Yet another tale from the ticket queue...
The DBCC CheckDB was
failing on INSTANCE99 and after some investigation it looked like a space
issue, not an actual corruption issue.
http://baddogneedsrottenhome.com/images/emails/55ce060daa58b.jpg |
--
The Job Failure
error text was this:
--
Executed as user: DOMAIN\svc_acct. Microsoft
(R) SQL Server Execute Package Utility Version 10.50.6000.34 for
64-bit Copyright (C) Microsoft Corporation 2010. All rights
reserved. Started: 2:00:00 AM Progress:
2017-08-20 02:00:01.11 Source: {11E1AA7B-A7AC-4043-916B-DC6EABFF772B}
Executing query "DECLARE @Guid UNIQUEIDENTIFIER
EXECUTE msdb..sp...".: 100% complete End Progress Progress:
2017-08-20 02:00:01.30 Source: Check Database Integrity
Task Executing query "USE [VLDB01]
".: 50% complete End Progress Error: 2017-08-20
03:38:19.28 Code: 0xC002F210
Source: Check Database Integrity Task Execute SQL Task
Description: Executing the query "DBCC CHECKDB(N'VLDB01') WITH
NO_INFOMSGS " failed with the following error: "Check terminated. The
transient database snapshot for database 'VLDB01' (database ID 5) has been
marked suspect due to an IO operation failure. Refer to the SQL Server
error log for details. A severe error occurred on the current
command. The results, if any, should be discarded.". Possible
failure reasons: Problems with the query, "ResultSet" property not
set correctly, parameters not set correctly, or connection not established
correctly. End Error Warning: 2017-08-20
03:38:19.28 Code: 0x80019002
Source: VLDB01 Integrity Description: SSIS
Warning Code DTS_W_MAXIMUMERRORCOUNTREACHED. The Execution method
succeeded, but the number of errors raised (1) reached the maximum allowed (1);
resulting in failure. This occurs when the number of errors reaches the number
specified in MaximumErrorCount. Change the MaximumErrorCount or fix the
errors. End Warning DTExec: The package execution returned
DTSER_FAILURE (1). Started: 2:00:00 AM Finished: 3:38:19
AM Elapsed: 5899.51 seconds. The package execution failed.
The step failed.
--
Looking in the SQL
Error Log there were hundreds of these combinations in the minutes immediately
preceding the job failure:
--
The operating system returned error 665(The requested operation could
not be completed due to a file system limitation) to SQL Server
during a write at offset 0x000048a123e000 in file 'E:\SQL_Data\VLDB01.mdf:MSSQL_DBCC17'.

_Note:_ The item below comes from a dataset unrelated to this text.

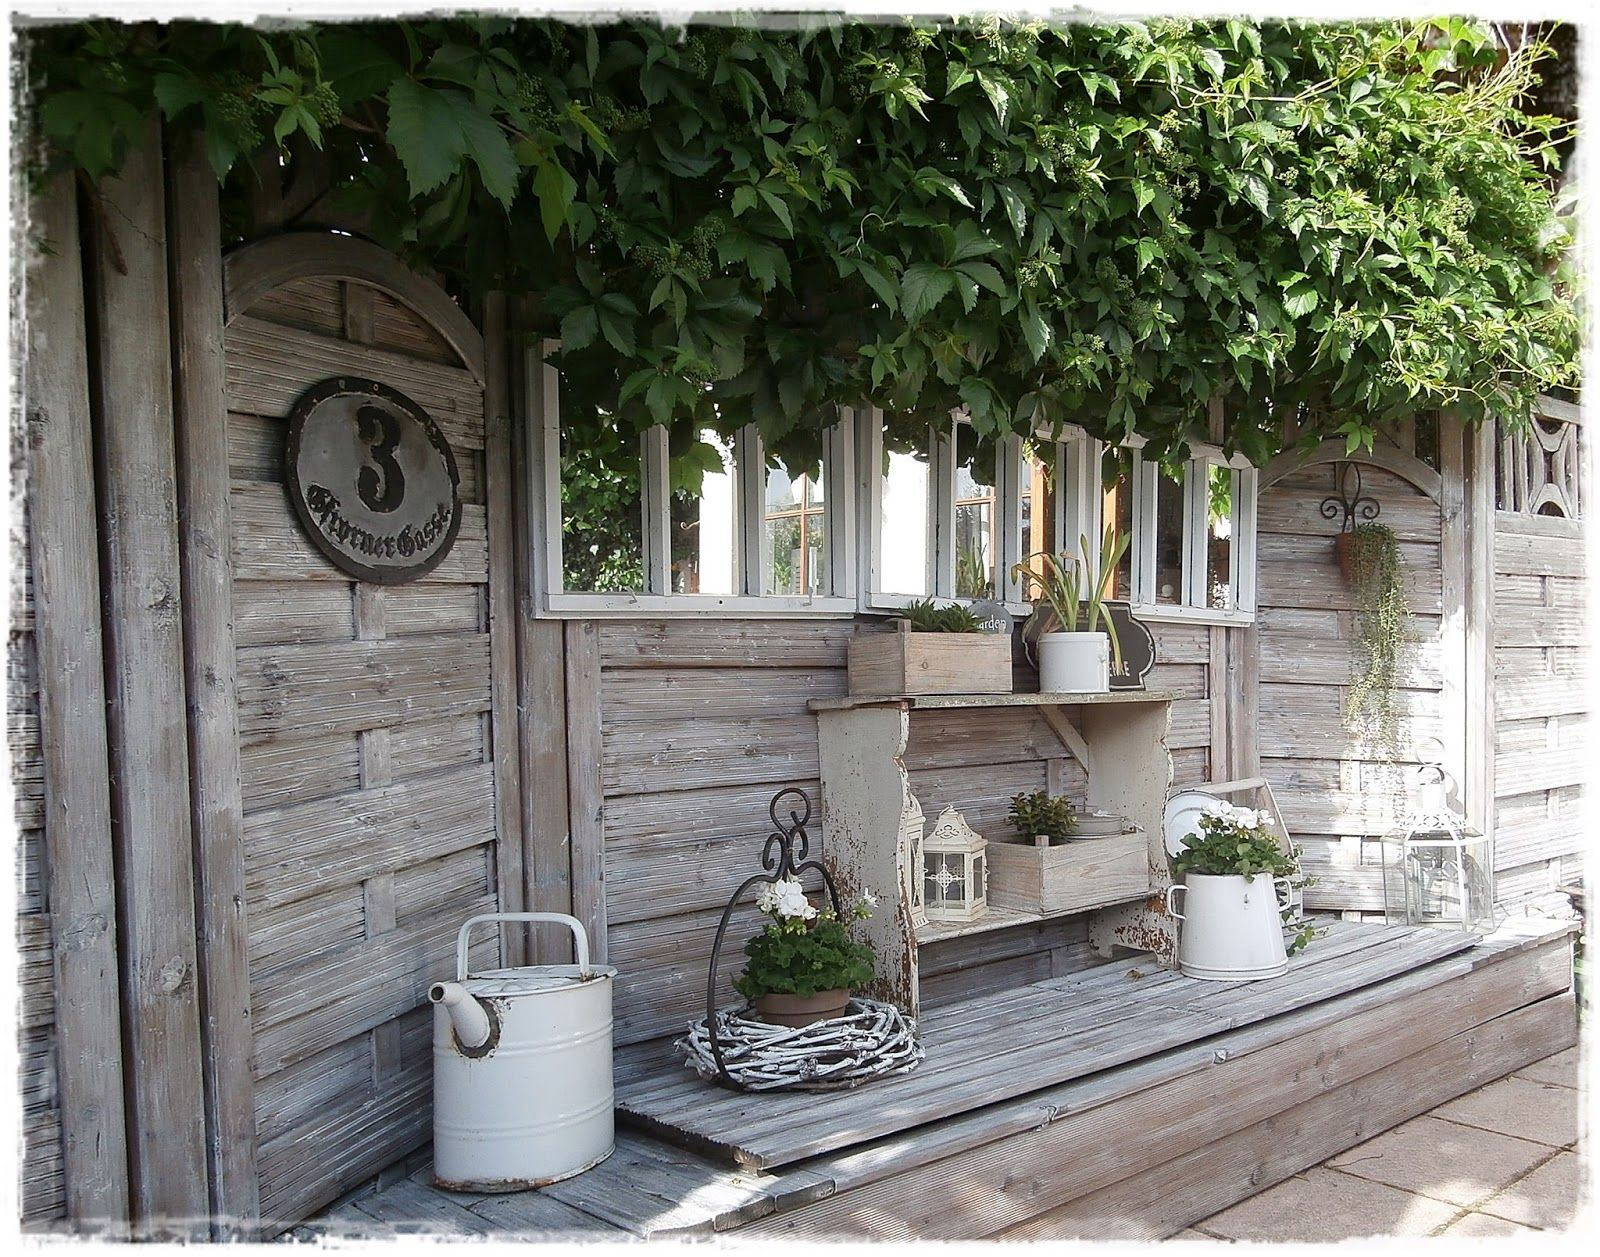 Ook je tuin krijgt een brocante sfeer met oude emaillen emmers leuke tuinbankjes en romantische - Outdoor tuin decoratie ideeen ...

Additional messages in the SQL Server error log and system event log may
provide more detail. This is a severe system-level error condition that
threatens database integrity and must be corrected immediately. Complete a full
database consistency check (DBCC CHECKDB). This error can be caused by many
factors; for more information, see SQL Server Books Online.
--
Error: 17053, Severity: 16, State: 1.
--
E:\SQL_Data\VLDB01.mdf:MSSQL_DBCC17:
Operating system error 665(The requested operation could not be completed due to a file system
limitation) encountered.
--
I have seen DBCC
snapshot errors in the past and they almost always come back to disk space
issues. If you look at the first listing of the 665 error above you can
see it was trying to write to the snapshot file it was creating on the E:
drive, which is where the primary DATA/MDF file for VLDB01 was located.
By default, CheckDB
and its component commands use a snapshot of the database to perform their
work. As described here by Paul Randal (@PaulRandal/blog)
from SQLskills: http://sqlmag.com/blog/why-can-database-snapshot-run-out-space,
snapshot files are “sparse” files that reserve a very small amount of space and
then grow as needed to handle the required data. Because of this mechanism,
they do not require the full amount of space up front.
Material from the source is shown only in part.